Seriously, I think it's a great idea and if you're willing to do it, go for it. I'm sure our Outbackers can give you every thing you'll need.

Mark


----------



## Y-Guy (Jan 30, 2004)

Might want to start off at Doug's RV Checklist site. I've used Tom Boles' Pre-Delivery Checklist on my last two trailers, and I'll use it on the Raptor too.


----------



## 54telluride (Feb 1, 2005)

Reverie,

Great idea!! I can't wait to see what you come up with.

Bruce


----------



## NDJollyMon (Aug 22, 2003)

My list is on the OUTBACKER.COM FAQ.
Link is accessible on the main forum page.

I think it's a great idea. It's very nice of you to head this up.

Maybe it can be linked to the FAQ, or Vern can add another link for CHECKLISTS on the forum page.


----------



## Reverie (Aug 9, 2004)

I need to figure out a couple of things:

1. What format would best suit people?

A .pdf (adobe acrobat) format is universal but it requires the reader to download a small "reader" and install it on their computer. It cannot be modified by the end user, only read or printed.

A .doc is pretty much universal but is pretty much a text document.

A .xls is an Excel spreadsheet and can be modified to suit the end user.

Size-wise they are all about the same (I think the .pdf might be a scosh bigger).

2. Where would these be stored?

Any ideas?

Reverie


----------



## Y-Guy (Jan 30, 2004)

Rev, I have space to store the file on my server if needed.

I would suggest a PDF and DOC file, and even a TXT file if possible or just something on a webpage in HTML that can be printed.


----------



## Reverie (Aug 9, 2004)

Y-Guy, I'll take you up on that offer of server space.

I'll get to work on a checklist based on Tom Boles list and heavily modified by myself and others. I need to contact Tom and get his permission. He and I swapped emails about six months ago so hopefully he will remember me and won't think it is spam.

Once I get it into some sort of reasonable format I'll post it for comments and revise it until we are happy.

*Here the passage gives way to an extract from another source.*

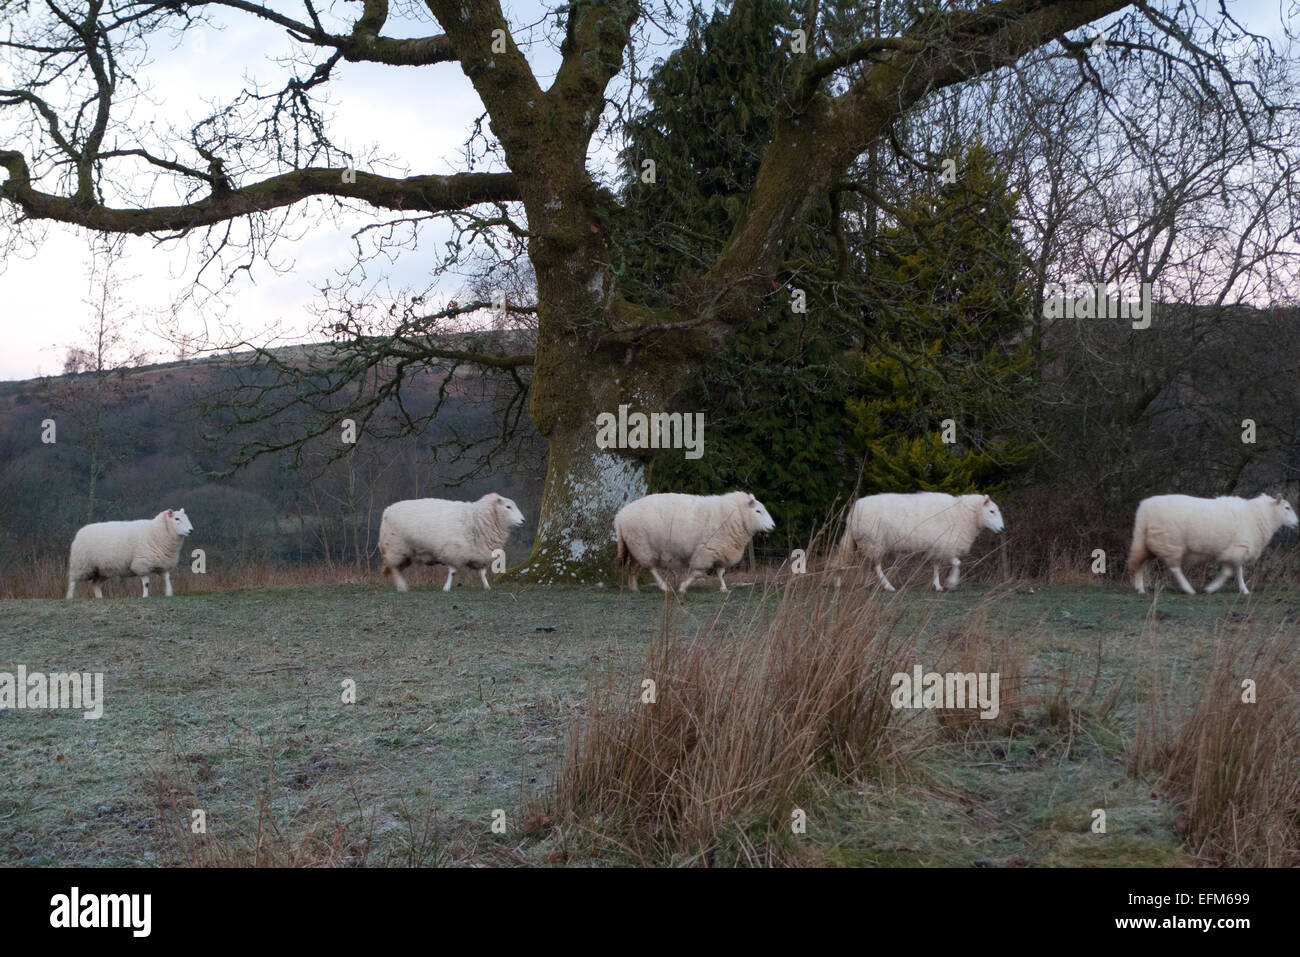 Carmarthenshire, Wales, UK. 7th Feb 2015. Sheep form a queue and head for their regular feeding position on a frosty cold morning on a rural smallholding in Carmarthenshire, West Wales UK.  The weather forecast in this part of Wales today is for increasing cloud cover with occasional spells of sunshine. Credit:  Kathy deWitt/Alamy Live News Stock Photo
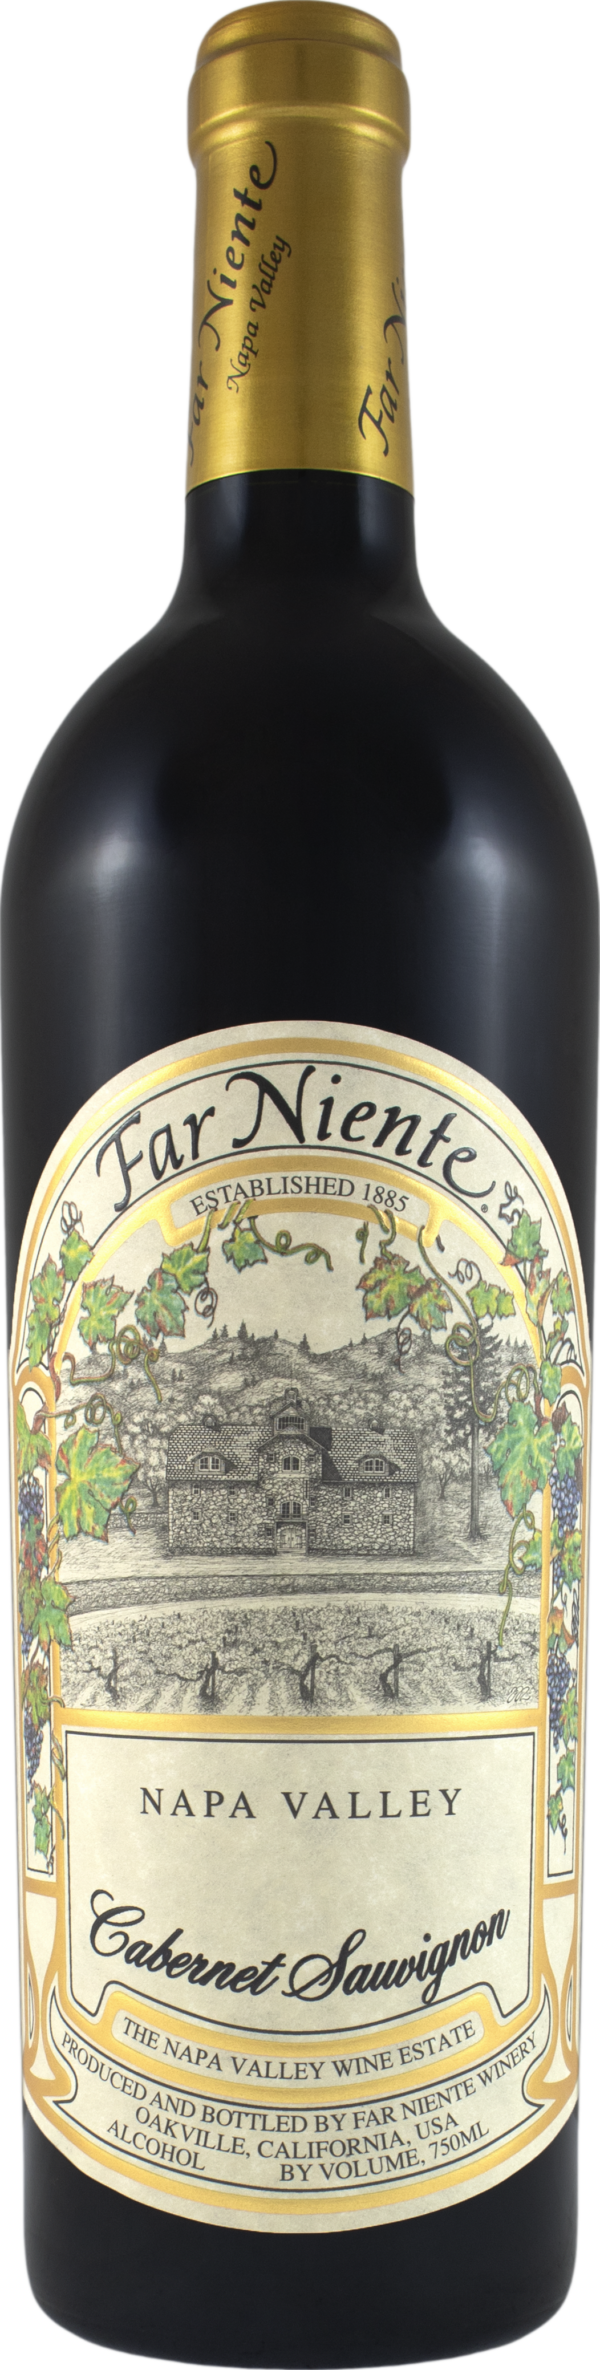 Product image of Far Niente Cabernet Sauvignon 2019 from 8wines

I'm pretty excited with this. Hopefully I'll have something in a week or two to look at.

Reverie


----------



## Guest (Feb 25, 2005)

Reverie,
I'm REALLY big on checklists. I think that your idea is a great one, and will benefit a lot of people. I do suggest, however, that you include a checklist for packing/ break-down/ move-out and one for set-up. I think that such a checklist might save a few television antennae and cable ends.









Happy Camping,
Gary


----------